To all my friend in Canada, Australia, the UK and New Zealand, I wish
you a happy Boxing Day !!

Charles


----------



## Heinz (Dec 26, 2007)

Thanks Charles.

Just finished 22minutes ago for the Eastern seaboard of Australia.


----------



## Njaco (Dec 26, 2007)

Happy Boxing Day you pomey b*stards! What a great idea! A holiday after a holiday!!  Hope you all have a great New Year!


----------



## Wayne Little (Dec 26, 2007)

Hey, nothing wrong with back to back public holidays...I like it...but then again i've got the rest of the week off too 

Thanks Charles!!


----------



## Screaming Eagle (Dec 26, 2007)

Thanks charles it was a good day


----------



## Hobilar (Dec 27, 2007)

Njaco said:


> Happy Boxing Day you pomey b*stards!



OBJECTION-Offensive language.


----------



## Aussie1001 (Dec 27, 2007)

well boxing day was yesterday......
but thats my fault for not coming on here last night....
Thanks Charles


----------



## plan_D (Dec 27, 2007)

It was yesterday, but I will take the time to say thank you and I hope everyone has a happy New Year. Especially you Njaco, you yankee snatch !


----------



## Njaco (Dec 27, 2007)




----------



## lesofprimus (Dec 27, 2007)

Happy Belated Boxing Day u guys....


----------



## magnocain (Dec 28, 2007)

Forgive me for my ignorance, but what does Boxing Day celebrate? Does it honor all of the people who died durring boxing maches over places in return lines?


----------



## ccheese (Dec 28, 2007)

magnocain said:


> Forgive me for my ignorance, but what does Boxing Day celebrate? Does it honor all of the people who died durring boxing maches over places in return lines?

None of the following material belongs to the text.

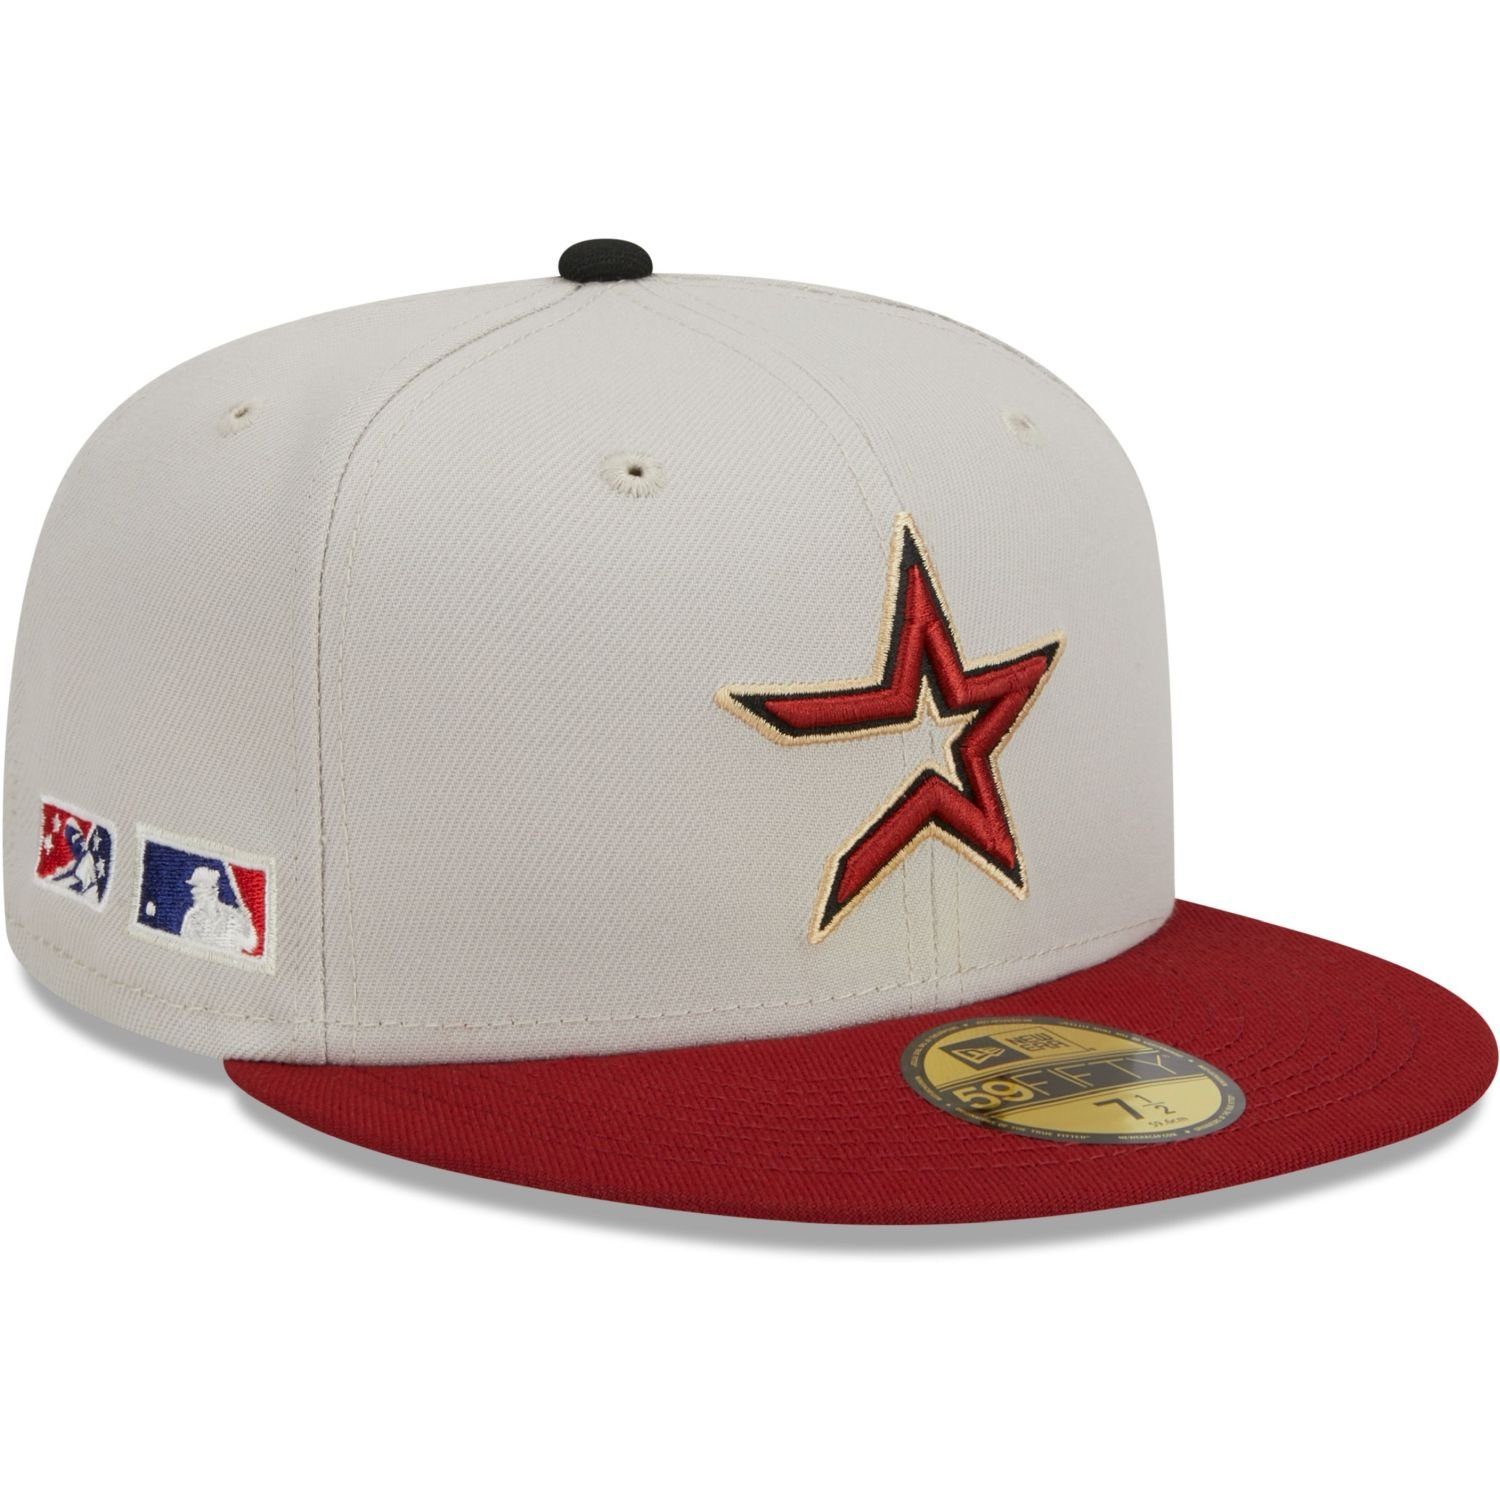 New Era Fitted Cap 59Fifty FARM TEAM Houston Astros
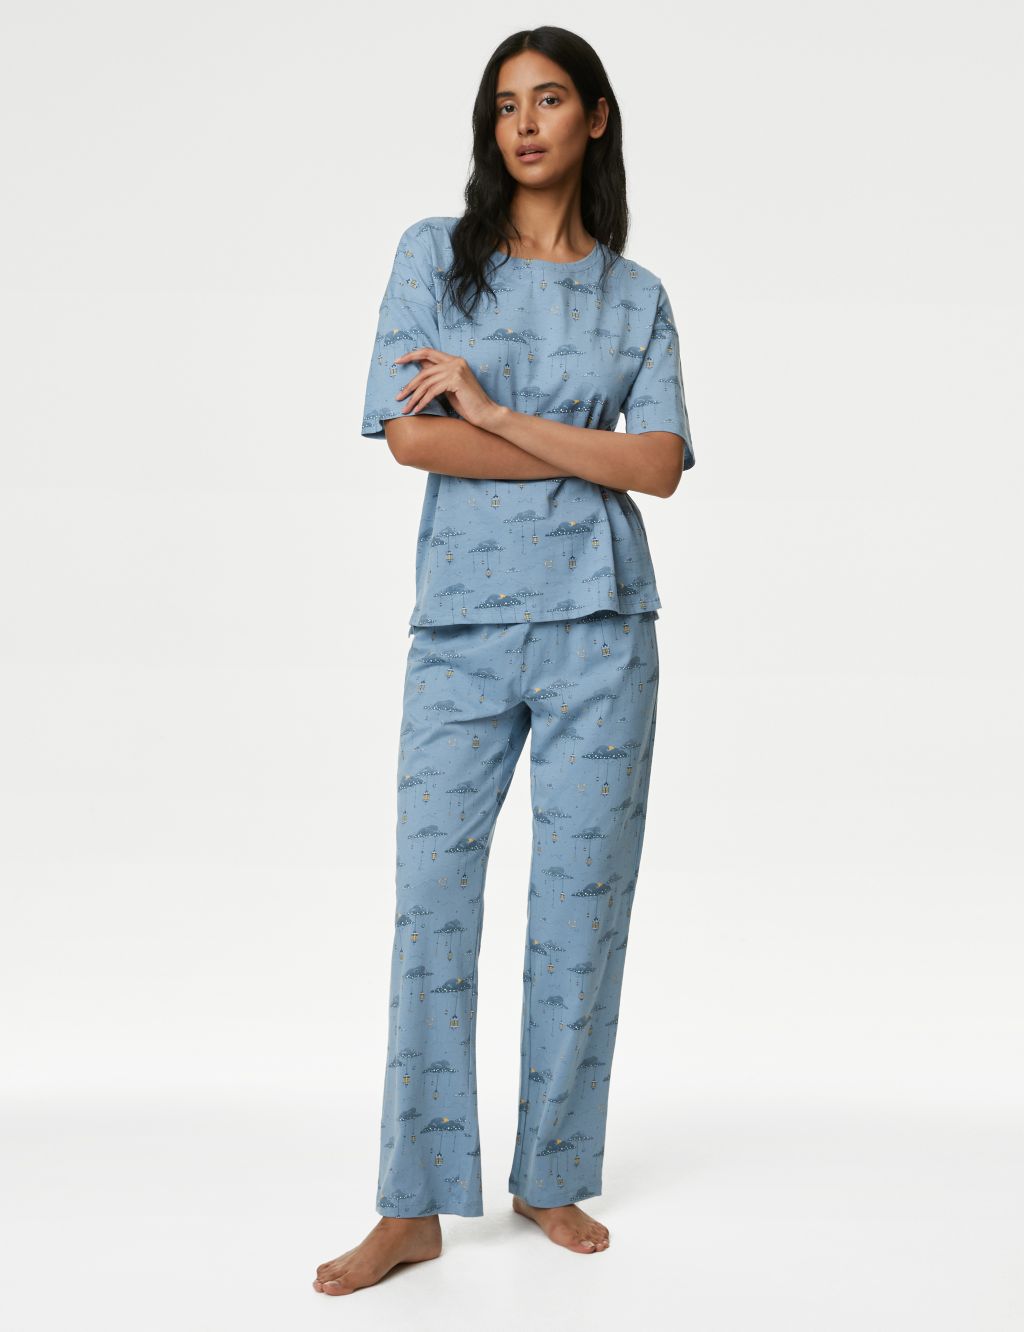 M&S Ladies Thermal Pajama T32/5119 – Saffana

Boxing Day is the day after Christmas, a public holiday in most countries in The Commonwealth. It originated as a day for giving gifts to employees and poor people. It has sporting traditions, especially fox hunting and the famous boxing day round in the English Premier League, and is the day when stores launch the most significant sales period in the retail cycle.

It is usually celebrated on 26 December, the day after Christmas Day, but can move to 27 December or 28 December if 26 December is a Saturday or Sunday. The movement of Boxing Day varies between countries.

The public holiday is recognised in the United Kingdom, Canada, New Zealand and Australia, as well as many other members of the Commonwealth of Nations.


Charles


----------



## Heinz (Dec 29, 2007)

It has more relevance to class system when it was more prominant. These days its just a day off that is named. Though a good amount of charity work goes on.


----------